If the quadratic equation `ax^2+bx+c=0` has `-2` as one of its roots then `ax + by + c = 0` represents

To solve the problem, we need to analyze the given quadratic equation and the linear equation provided. ### Step-by-Step Solution: 1. **Given Information**: We have a quadratic equation of the form \( ax^2 + bx + c = 0 \) with one of its roots as \( -2 \). 2. **Using the Root**: Since \( -2 \) is a root, we can substitute \( x = -2 \) into the quadratic equation: \[ a(-2)^2 + b(-2) + c = 0 \] This simplifies to: \[ 4a - 2b + c = 0 \quad \text{(Equation 1)} \] 3. **Linear Equation**: We are also given the linear equation \( ax + by + c = 0 \). 4. **Rearranging the Linear Equation**: We can rearrange the linear equation as follows: \[ ax + by = -c \quad \text{(Equation 2)} \] 5. **Finding Points**: Now, we need to find specific points that satisfy both equations.
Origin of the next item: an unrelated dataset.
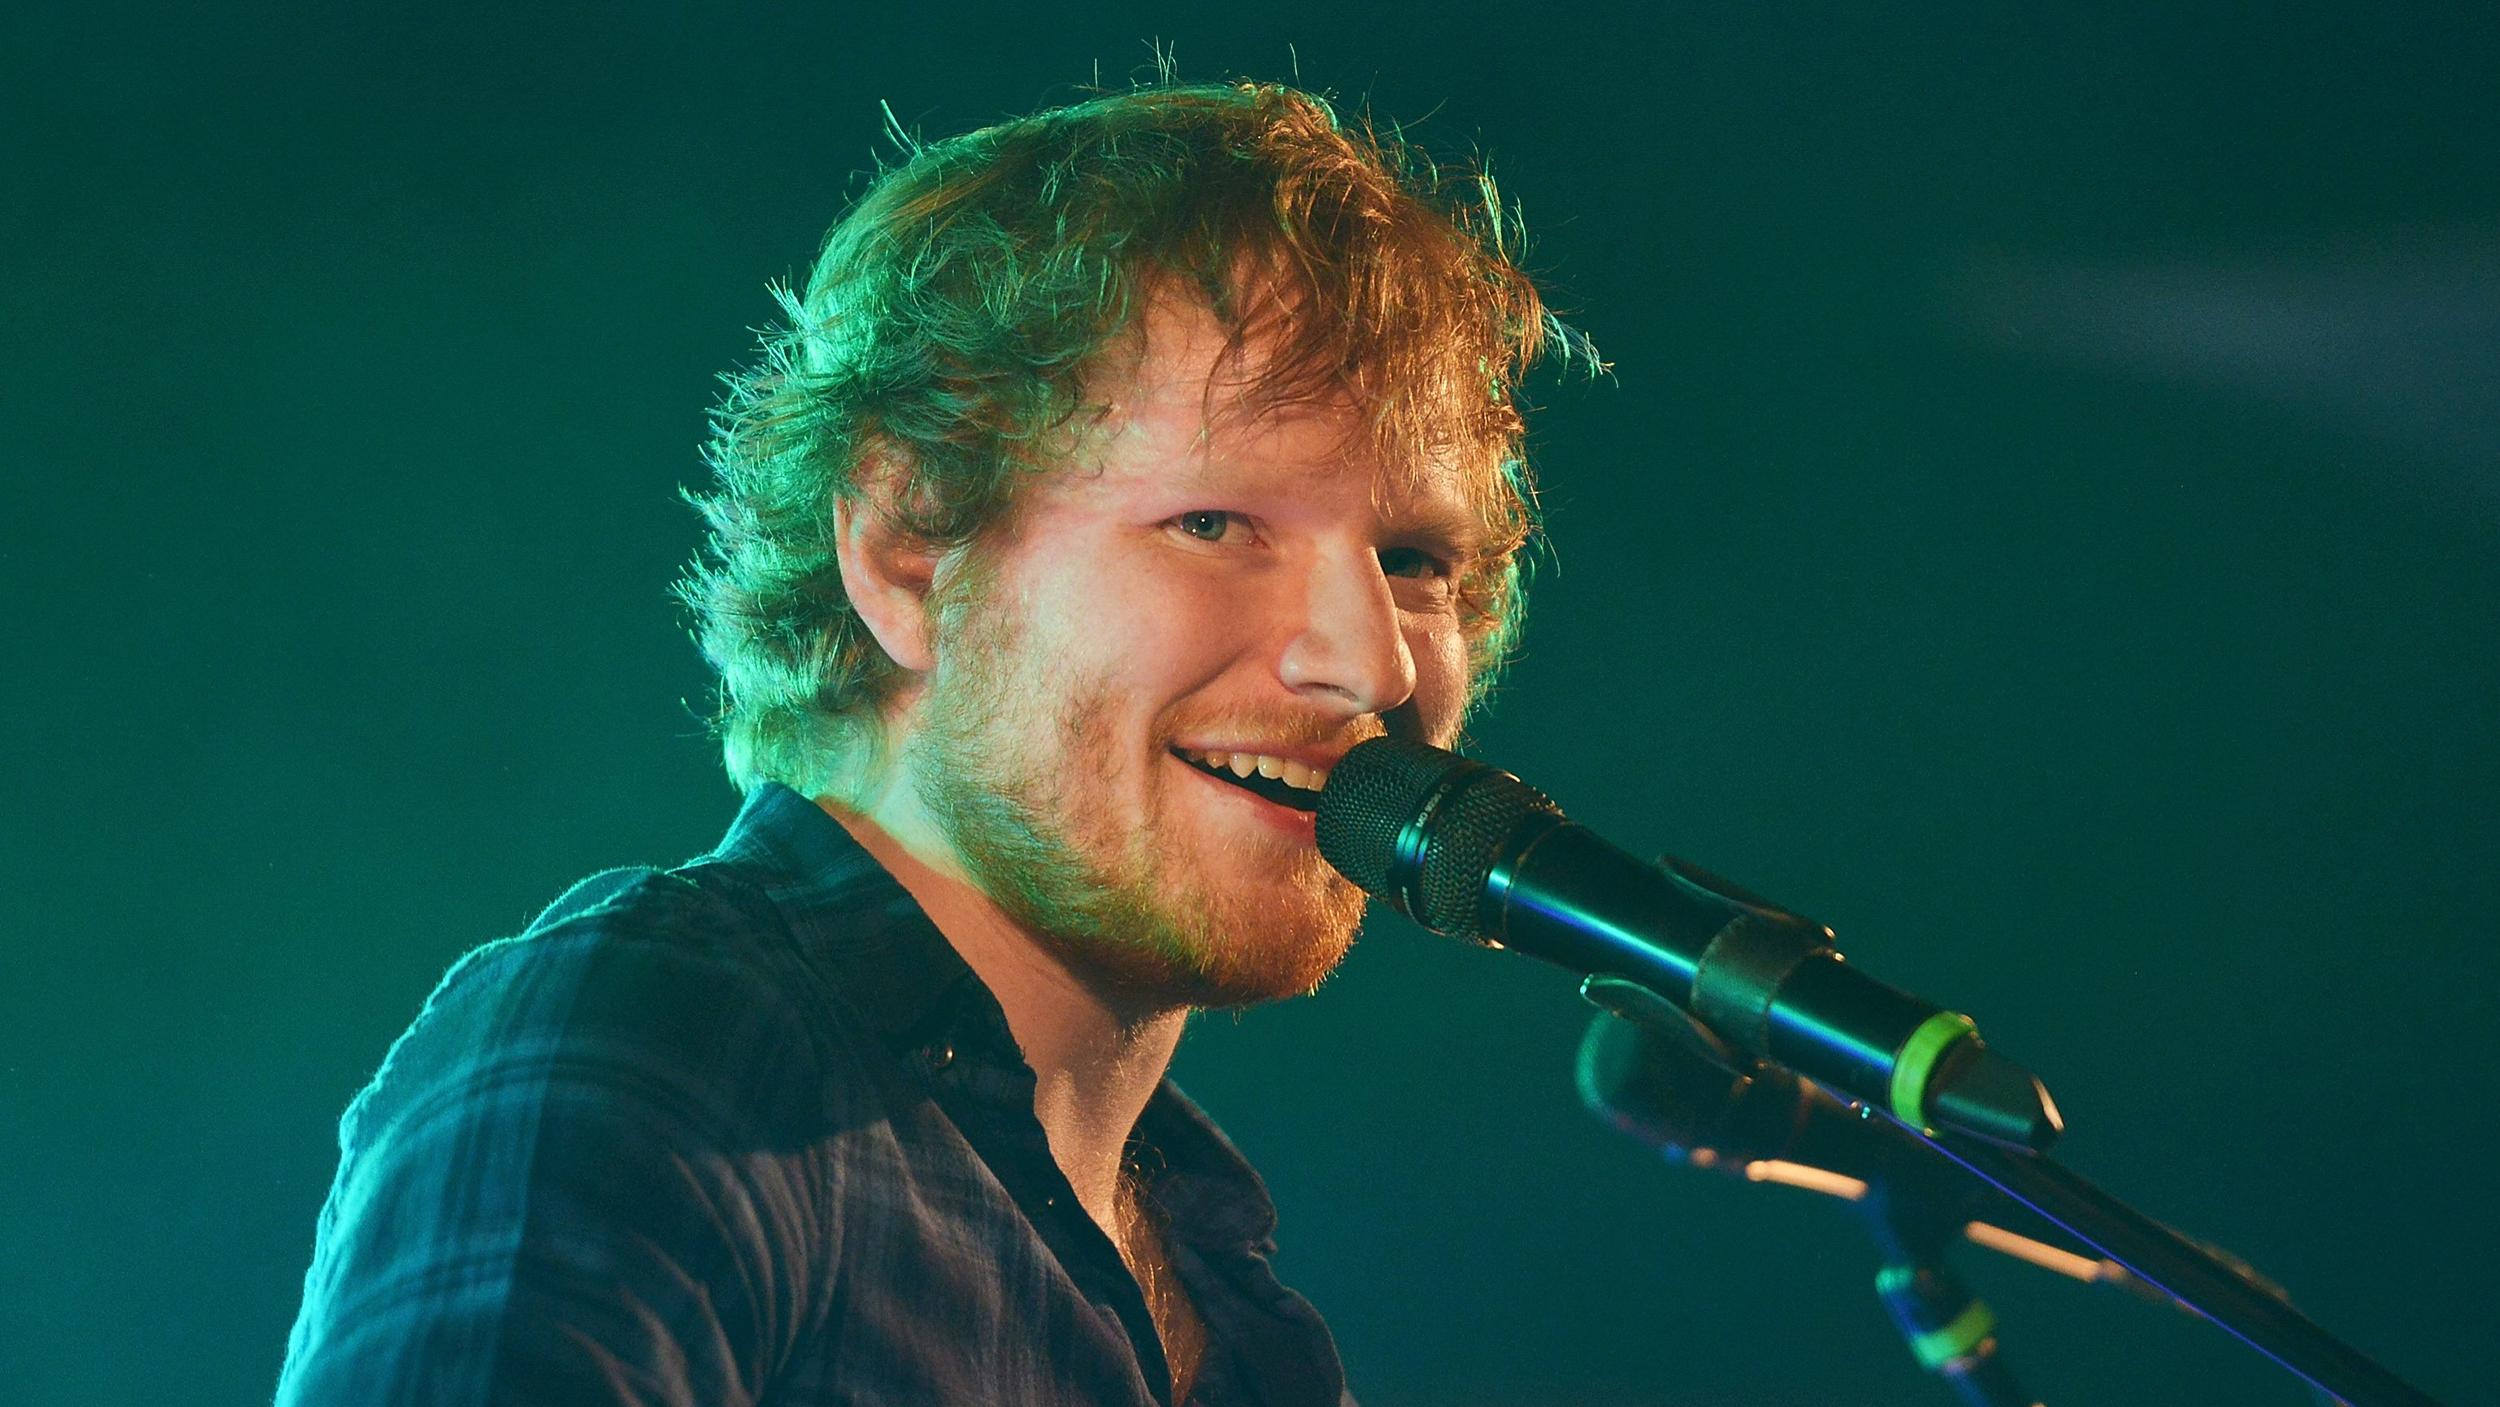 Ed Sheeran Computer Wallpaper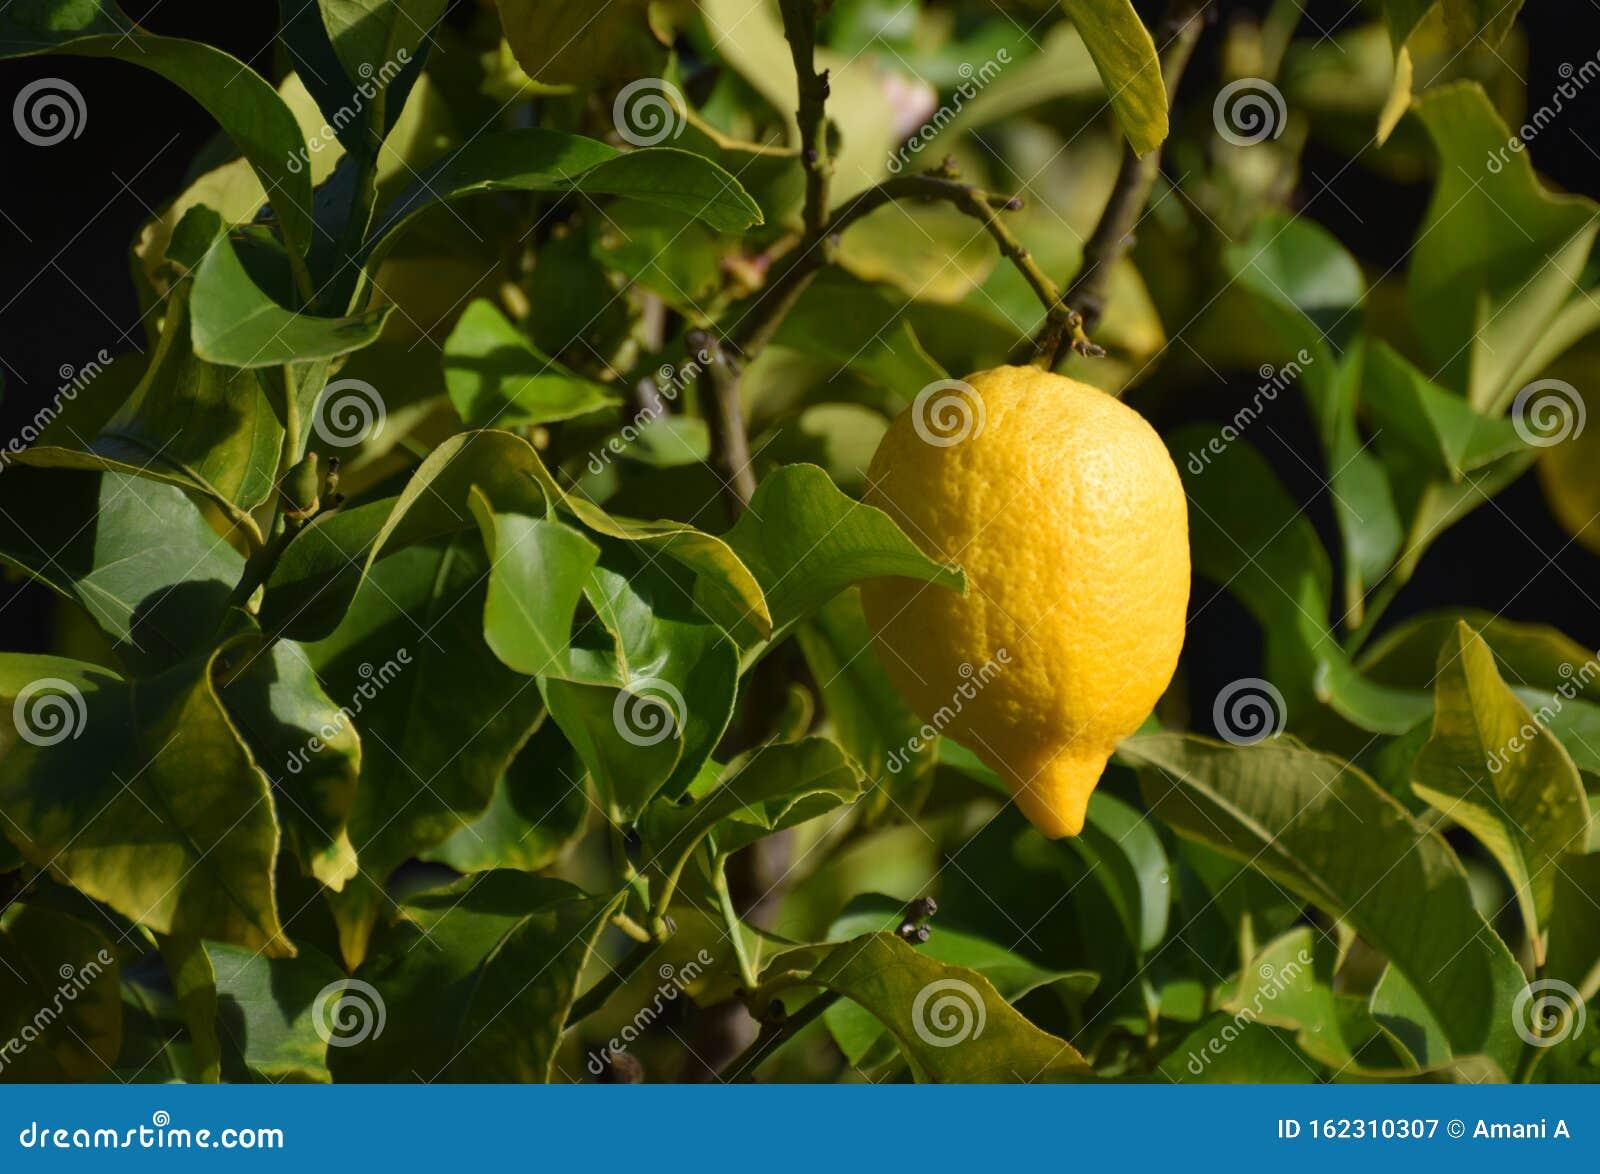 Ripe lemon hanging on a tree

From Equation 1, we can express \( c \) in terms of \( a \) and \( b \): \[ c = 4a - 2b \] 6. **Substituting \( c \) in Equation 2**: Substitute \( c \) from Equation 1 into Equation 2: \[ ax + by = -(4a - 2b) \] This simplifies to: \[ ax + by = -4a + 2b \] 7. **Finding Specific Values**: To find specific values of \( x \) and \( y \), let's set \( x = 4 \) (from \( 4a \)) and \( y = -2 \) (from \( -2b \)): \[ a(4) + b(-2) = -c \] Since \( c = 4a - 2b \), substituting gives: \[ 4a - 2b = - (4a - 2b) \] This confirms that \( (4, -2) \) is a point on the line represented by \( ax + by + c = 0 \). 8. **Conclusion**: Since the linear equation \( ax + by + c = 0 \) can be rearranged to show that it passes through the point \( (4, -2) \) for any value of \( c \), we conclude that it represents a family of concurrent lines that all pass through the point \( (4, -2) \). ### Final Answer: The equation \( ax + by + c = 0 \) represents a family of concurrent lines passing through the point \( (4, -2) \).